In 1978, a framework of international standards for computer network architecture known as OSI (Open Systems Interconnect) was developed. The OSI reference model of network architecture consists of seven layers. From the lowest to the highest, the layers are: (1) the physical layer; (2) the datalink layer; (3) the network layer; (4) the transport layer; (5) the session layer; (6) the presentation layer; and (7) the application layer. Each layer uses the layer below it to provide a service to the layer above it. The lower layers are implemented by lower level protocols which define the electrical and physical standards, perform the byte ordering of the data, and govern the transmission and error detection and correction of the bit stream. The higher layers are implemented by higher level protocols which deal with, inter alia, data formatting, terminal-to-computer dialogue, character sets, and sequencing of messages.
Layer 1, the physical layer, controls the direct host-to-host communication between the hardware of the end users' data terminal equipment (e.g., a modem connected to a PC). Layer 2, the datalink layer, generally fragments the data to prepare it to be sent on the physical layer, receives acknowledgment frames, performs error checking, and retransmits frames which have been incorrectly received.
Layer 3, the network layer, generally controls the routing of packets of data from the sender to the receiver via the datalink layer. It is used by the transport layer. An example of the network layer is Internet Protocol (IP) which is the network layer for the TCP/IP protocol widely used on Ethernet networks. In contrast to the OSI seven-layer architecture, TCP/IP (Transmission Control Protocol over Internet Protocol) is a five-layer architecture which generally consists of the network layer and the transport layer protocols. The transport layer (Layer 4) determines how the network layer should be used to provide a point-to-point, virtual, error-free connection so that the end point devices send and receive uncorrupted messages in the correct order. This layer establishes and dissolves connections between hosts. It is used by the session layer. TCP is an example of the transport layer.
Layer 5, the session layer, uses the transport layer and is used by the presentation layer. The session layer establishes a connection between processes on different hosts. It handles the creation of sessions between hosts as well as security issues. Layer 6, the presentation layer, attempts to minimize the noticeability of differences between hosts and performs functions such as text compression and format and code conversion. Layer 7, the presentation layer, is used by the application layer to provide the user with a localized representation of data which is independent of the format used on the network. The application layer is concerned with the user's view of the network and generally deals with resource allocation, network transparency and problem partitioning.

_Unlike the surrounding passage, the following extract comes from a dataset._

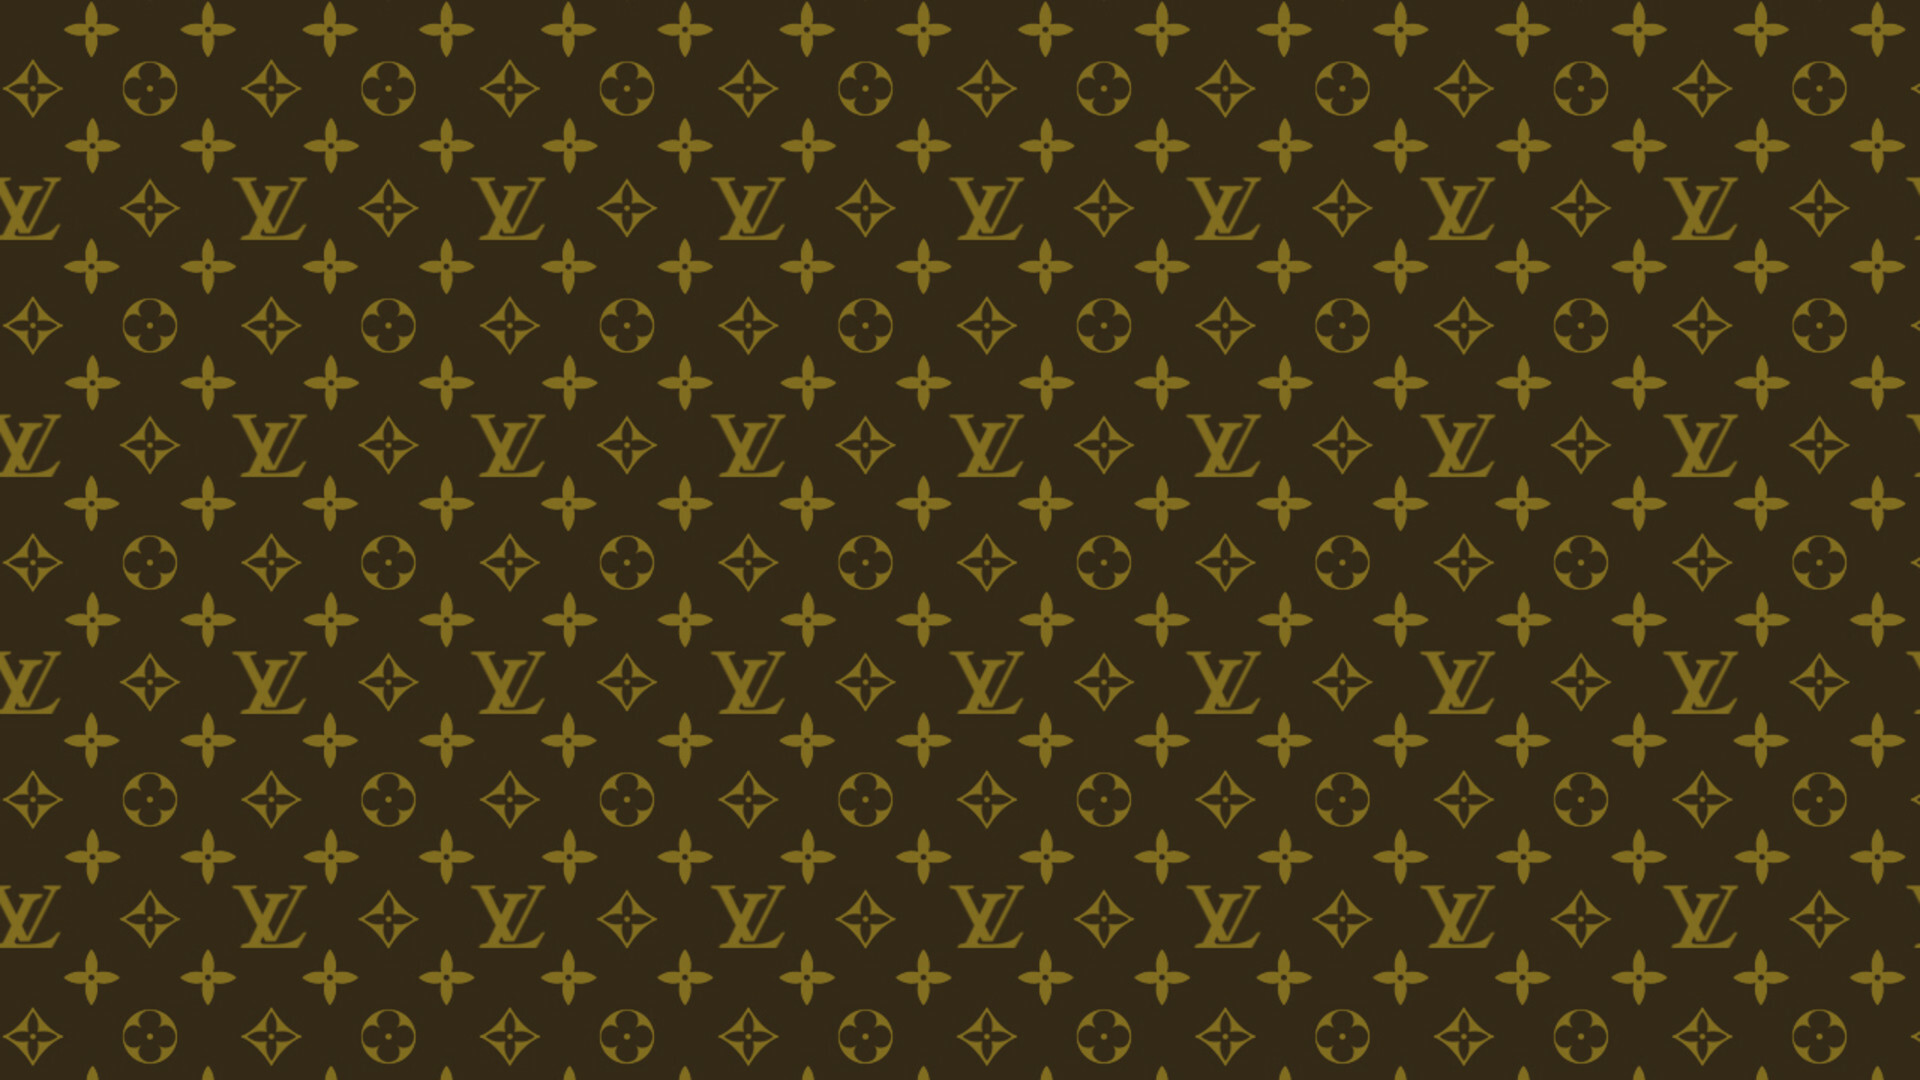 Louis Vuitton: The stores in Moscow, Russia, and in New Delhi, India were opened in 2003. 1920x1080 Full HD Wallpaper.

The Point-to-Point Protocol (PPP) generally encompasses the datalink layer (layer 2) and the network layer (layer 3) of the OSI model. PPP was designed to provide a standard Internet encapsulation protocol for transmitting multi-protocol datagrams over point-to-point links. PPP has three main components, namely, (1) an encapsulation method (HDLC-like), (2) a link control protocol (LCP) for establishing, configuring and testing the datalink connection, and (3) a family of network control protocols (NCPs) for establishing and configuring different network layer protocols. PPP using HDLC-like framing is defined in Request For Comments (RFC) 1662. PPP is capable of operating over most data terminal equipment/data communication equipment (DTE/DCE) interfaces (e.g., EIA RS-232-E, EIA RS-422 and CCITT V.35). PPP requires a dedicated or switched full-duplex circuit which can operate in either asynchronous, bit-synchronous or octet-synchronous mode and which is transparent to the datalink layer frames. PPP presents an octet interface to the physical layer and makes no provisions for accepting sub-octets. PPP accommodates several different network layer protocols, such as Internet Protocol (IP), Internetwork Packet Exchange (IPX), DECnet, etc.
Most remote local area network access and Internet access is performed using asynchronous communications across a modem or across an ISDN terminal adapter (TA). However, the higher level layers, IP or TCP/IP, are block-oriented and normally require a synchronous protocol for transmission. In order to transmit these higher level layers over asynchronous communication links, low level protocols, such as PPP, have been developed. These lower level protocols present a significant processing load to the end point device processor because of the character-intensive nature of the protocols. In the past, the end point device processor has been made responsible for all PPP processing. End point devices, such as personal computers, used by Internet service providers should each be capable of simultaneously servicing several users in order to maximize efficiency. Therefore, each end point device of the Internet service provider normally includes several modems for simultaneous communication with a plurality of users. The modems usually are located on cards which reside inside of the end point device. This arrangement requires that the host processor of each end point device perform the protocol processing, including PPP processing, for a plurality of users. The processing of the lower level protocols, such as PPP, takes up a large amount of the processing time of the end point device processor which could be used by the end point device processor to perform other processing tasks.
In accordance with the present invention, the processing of the lower level protocols is accomplished by the processor of the communication device, thus increasing throughput and leaving the processor of the end point device free to handle other tasks.